# Spin-Orbit coupling.

1. Dec 3, 2011

### Tomer

Hey everyone,

I've been reading about the Spin-Orbit coupling effect in the Hydrogen atom.
However, there's something I don't quite understand.
The effect is being explained and calculated like this: we move to the rest frame of the electron, in which the electron has no orbital angular momentum (spin stays, however). We then consider the magnetic field appearing caused by the proton, circulating around the electron in his rest system.
At a certain point, a relation is derived, connecting the magnetic field of the proton with the orbital angular momentum of the electron in the rest frame. ($\vec{B}=\frac{1}{4\pi\epsilon_{0}}\frac{e}{mc^{2}r^{3}}\vec{L}$)
From this point onward a new Hamiltonian element is being developed (including some relativistic corrections) as a perturbation of the original Hamiltonian, which was derived in the lab (/proton) rest frame.
My issue is this:
What is the source of this effect in the lab system? Since there's no magnetic field in this system, there should be no splitting (based on the SO effect)- yet there has to be one (it cannot depend on system of reference). And more then that - how can we analyze the effect in a certain system, and then just add it to the Hamiltonian of the original system, which was the rest frame of the proton? In the electron's rest frame there isn't any kinetic energy of the electron, for example, so the energy levels are completely different....
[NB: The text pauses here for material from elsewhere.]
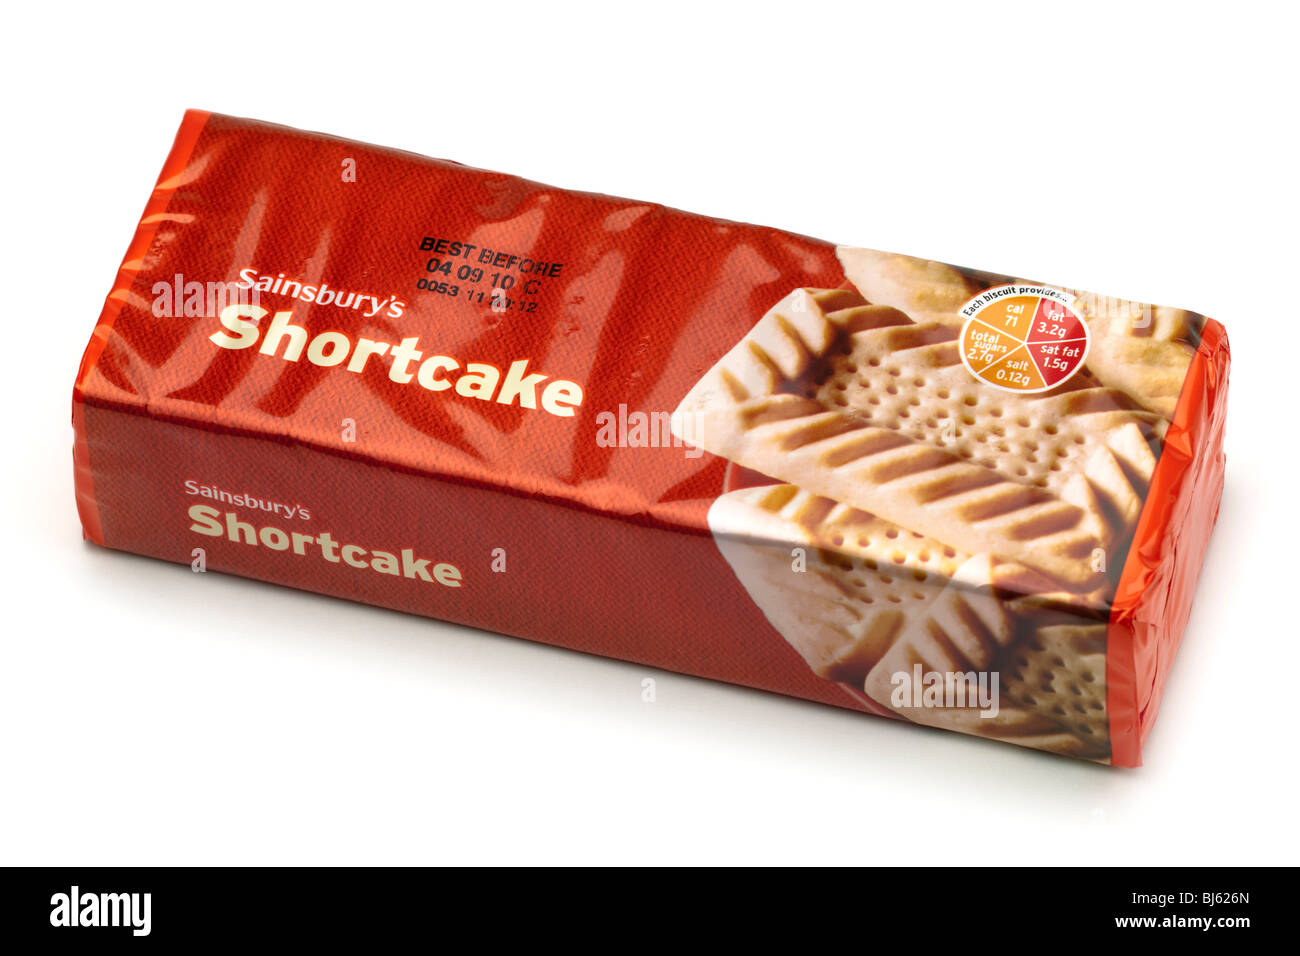 Packet of Sainsbury's Shortcake biscuits Stock Photo

I'd really appreciate an explanation :-)

Thanks,
Tomer.

2. Dec 3, 2011

### Dickfore

In classical mechanics, the Lagrangian of a system of particles transforms as:
$$L' = L - \vec{V} \cdot \vec{P} + \frac{1}{2} M V^{2}$$
where $\vec{V}$ is the relative velocity of the two frames, $\vec{P} = \sum{m_a \, \vec{v}_a}$, and $M = \sum_{a}{m_a}$ is the total mass of the system.

On the other hand, the quantity:
$$\sum_{a}{\vec{p}'_a \cdot \vec{v}'_a} = \sum_{a}{\vec{p}_a \cdot \vec{v}_a} - 2 \vec{V} \cdot \vec{P} + M V^2$$
follows the specified transformation rule. Thus, the Hamiltonian:
$$H' \equiv \sum_{a}{\vec{p}'_a \cdot \vec{v}'_a} - L' = H - \vec{V} \cdot \vec{P} + \frac{1}{2} M V^2$$

In the CM frame, $\vec{P} = 0$, so the Hamiltonian differs only by the total kinetic energy of the system. Therefore, if we calculate any addition to the Hamiltonian in one frame, it will have the same contribution in any other as well.

3. Dec 4, 2011

### Tomer

Ok, I think I got it - thanks!